Senior Specialist - Cloud Security & Defense

About the role:

• Roles in this job family build, develop, implement and coordinates Diageos information security and cyber resilience strategy by evaluating, testing and monitoring security policies, procedures and systems.
• They typically have specific skills in IT and cyber security and risk assessment, and well as specialist skills in mitigation and fixes to potential vulnerabilities as detected. These roles will also be involved in continuity planning, containment and restoration of service planning.

Role Responsibilities:

• Lead the implementation, configuration, and optimization of Wiz(CSPM) across cloud environments
• Analyze cloud infrastructure risks and provide actionable recommendations using Wiz
• Review and suggest Cloud Configuration Rules (CCRs) to enhance security posture, ensuring adherence to standard methodologies and compliance requirements
• Regularly assess and fine-tune Wiz Features to ensure maximum effectiveness in detecting and mitigating security vulnerabilities
• Leverage proven knowledge of AWS and Azure to assess, implement, and enforce security standard methodologies across multi-cloud environments
• Develop and maintain security policies, standards, and procedures for cloud environments in alignment with organizational objectives
• Collaborate with multi-functional teams, including DevOps, IT, Security, and the SOC team, to ensure security is embedded into CI/CD pipelines, cloud infrastructure, and to promptly close cloud alerts
• Actively communicate and collaborate with the SOC team to investigate and resolve cloud security alerts and incidents, ensuring timely remediation and closure.
• Work closely with business and technical collaborators to understand security requirements and translate them into actionable security measures.
• Engage with leadership and other groups to define cloud security objectives, report on posture, and provide guidance on security risk management.
• Monitor and respond to security incidents and alerts generated through Wiz and other cloud security tools, ensuring timely resolution and reporting to relevant team members.
• Perform regular security assessments, audits, and vulnerability management, ensuring continuous compliance with regulatory standards (e.g., ISO 27001, SOC 2, NIST, CIS).
• Design and implement automation workflows to remediate security issues, reducing manual intervention and ensuring continuous compliance.
• Provide training and guidance to team members and collaborators on cloud security standard practices, tool usage Wiz, and how to assess and mitigate risks.

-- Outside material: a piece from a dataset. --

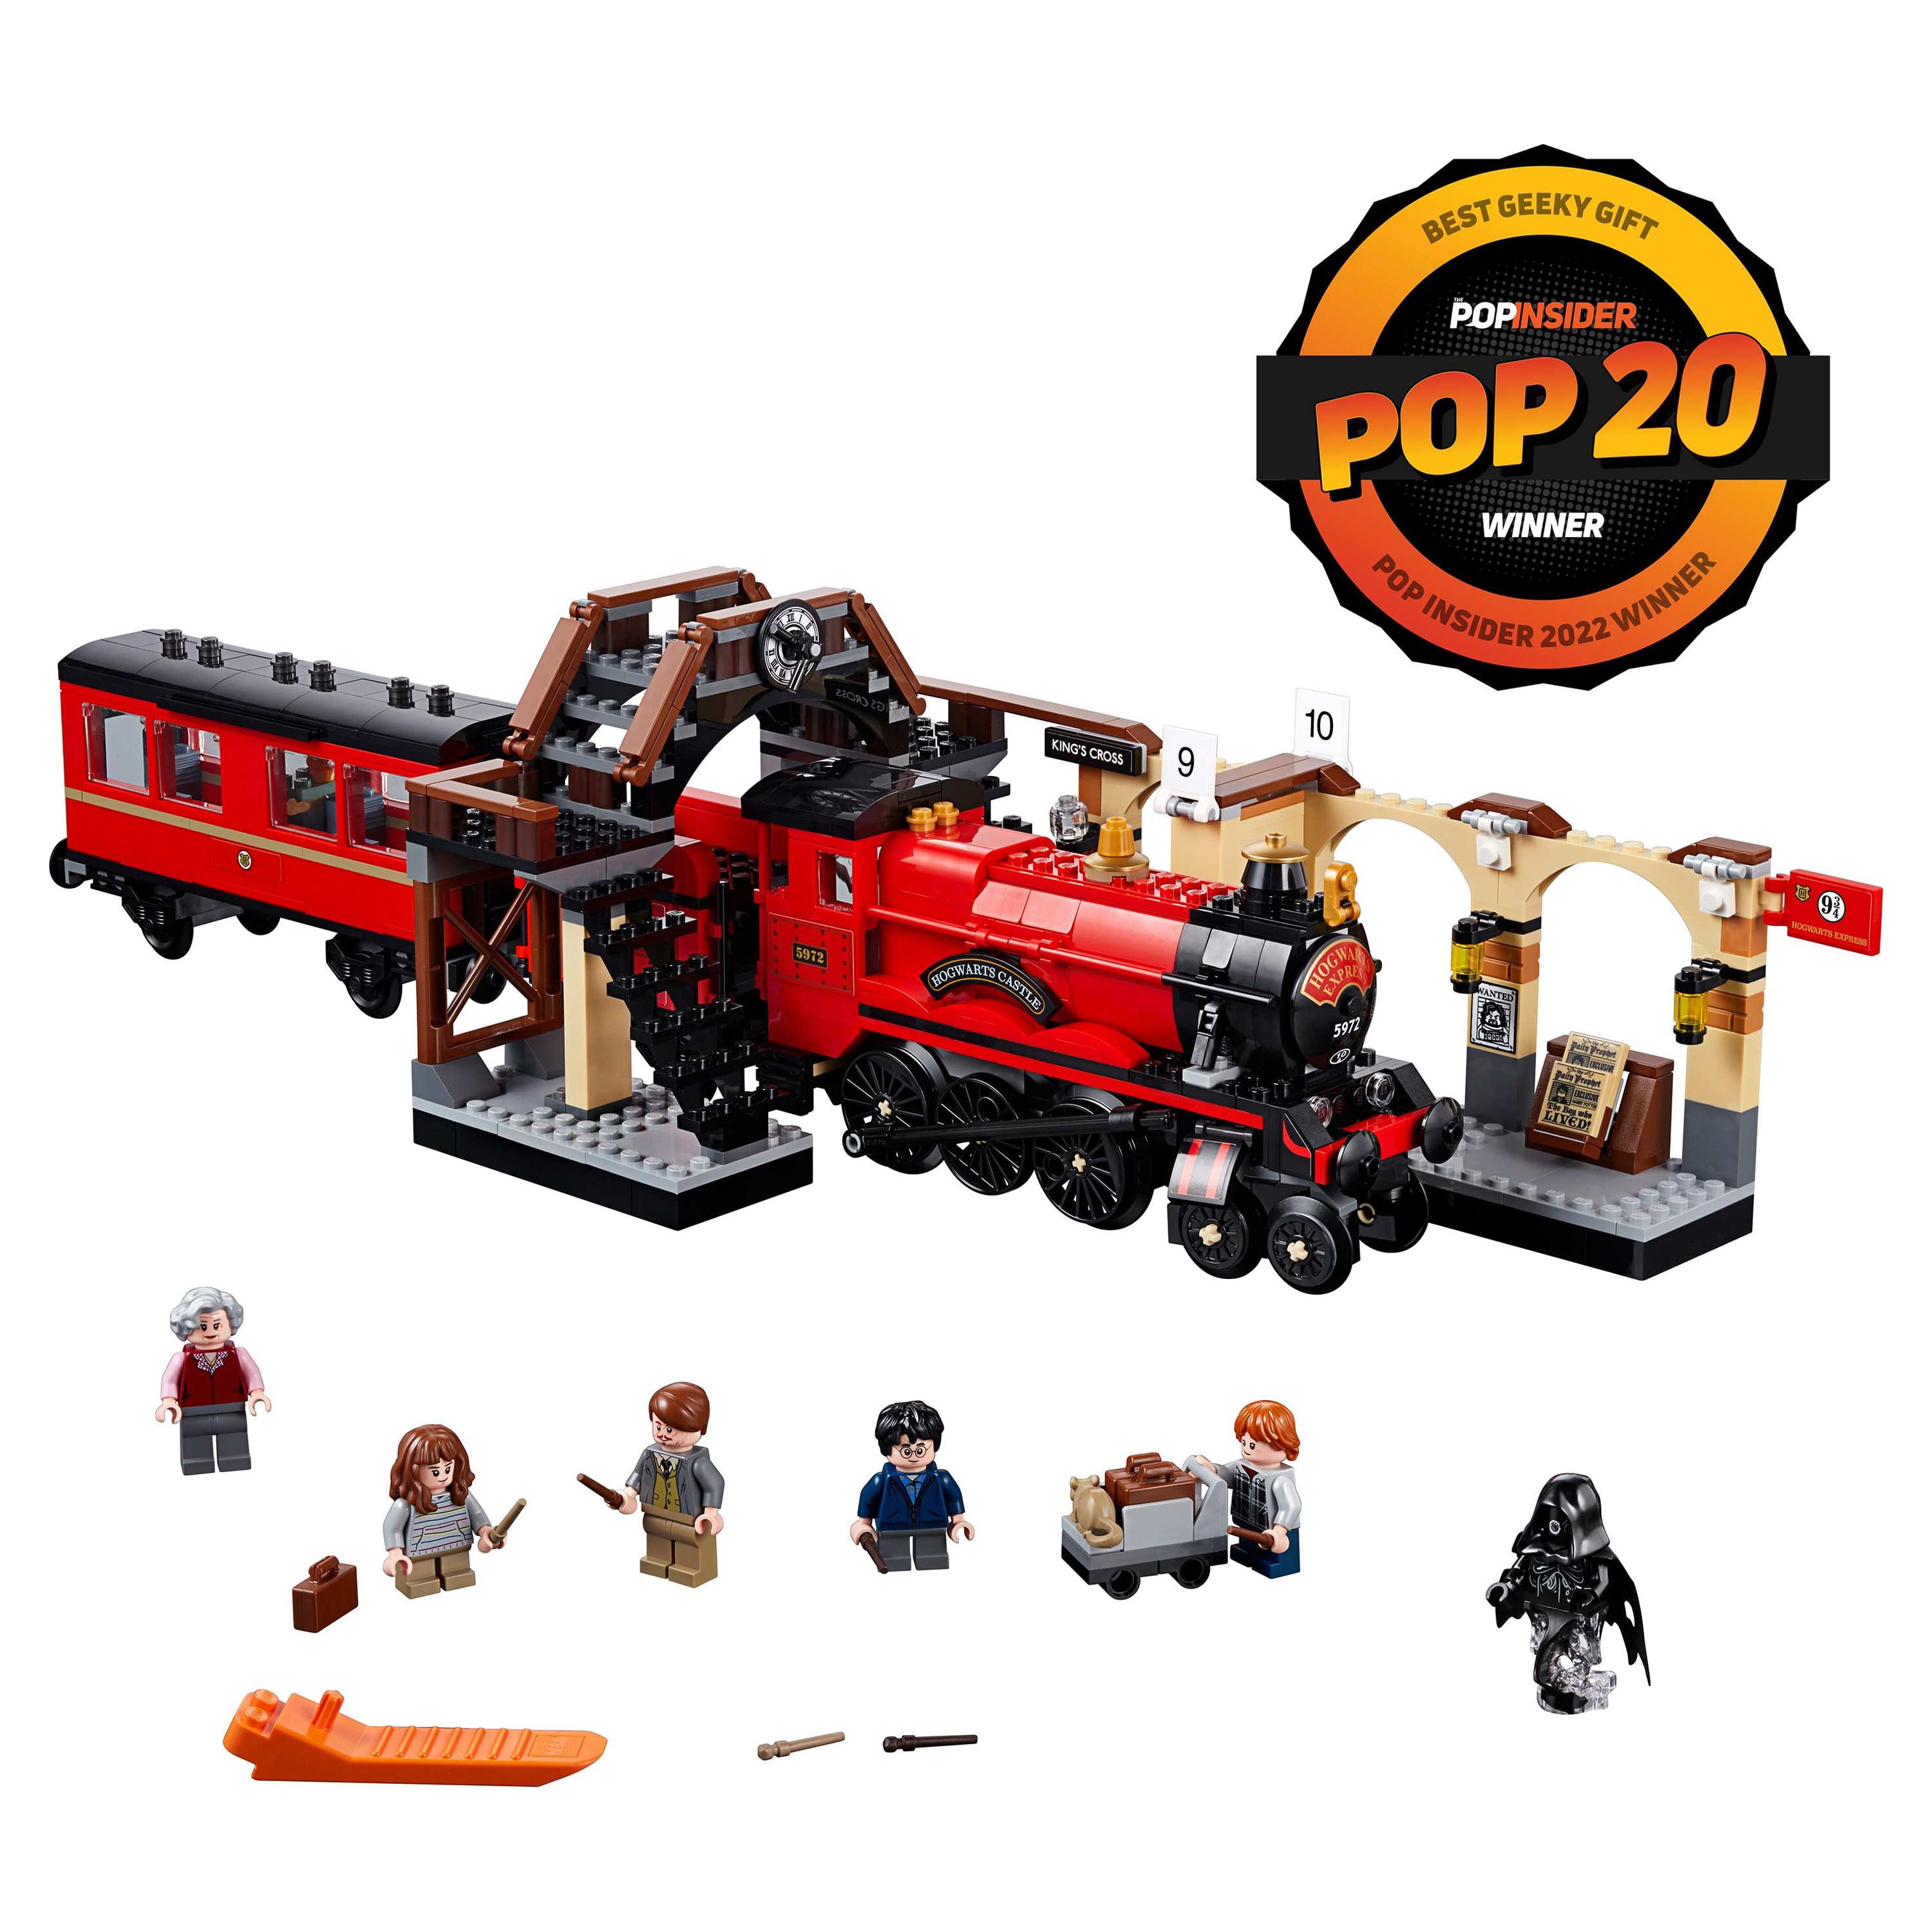 LEGO Harry Potter Hogwarts Express 75955 Toy Model Train Building Set - image 3 of 5

Experience / skills required:

• Should have atleast 5-7 years of experience in the CSPM platform and Cloud Experience.Cloud Computing Expertise: Good understanding of cloud platforms like AWS, Azure, or Google Cloud.
• Cybersecurity Knowledge: Solid understanding of cybersecurity principles, threat landscape, and security standard methodologies.Security Tools Proficiency: Experience with security tools like firewalls, intrusion detection systems, and security information and event management (SIEM) systems.Networking Knowledge: Understanding of network security concepts and protocols.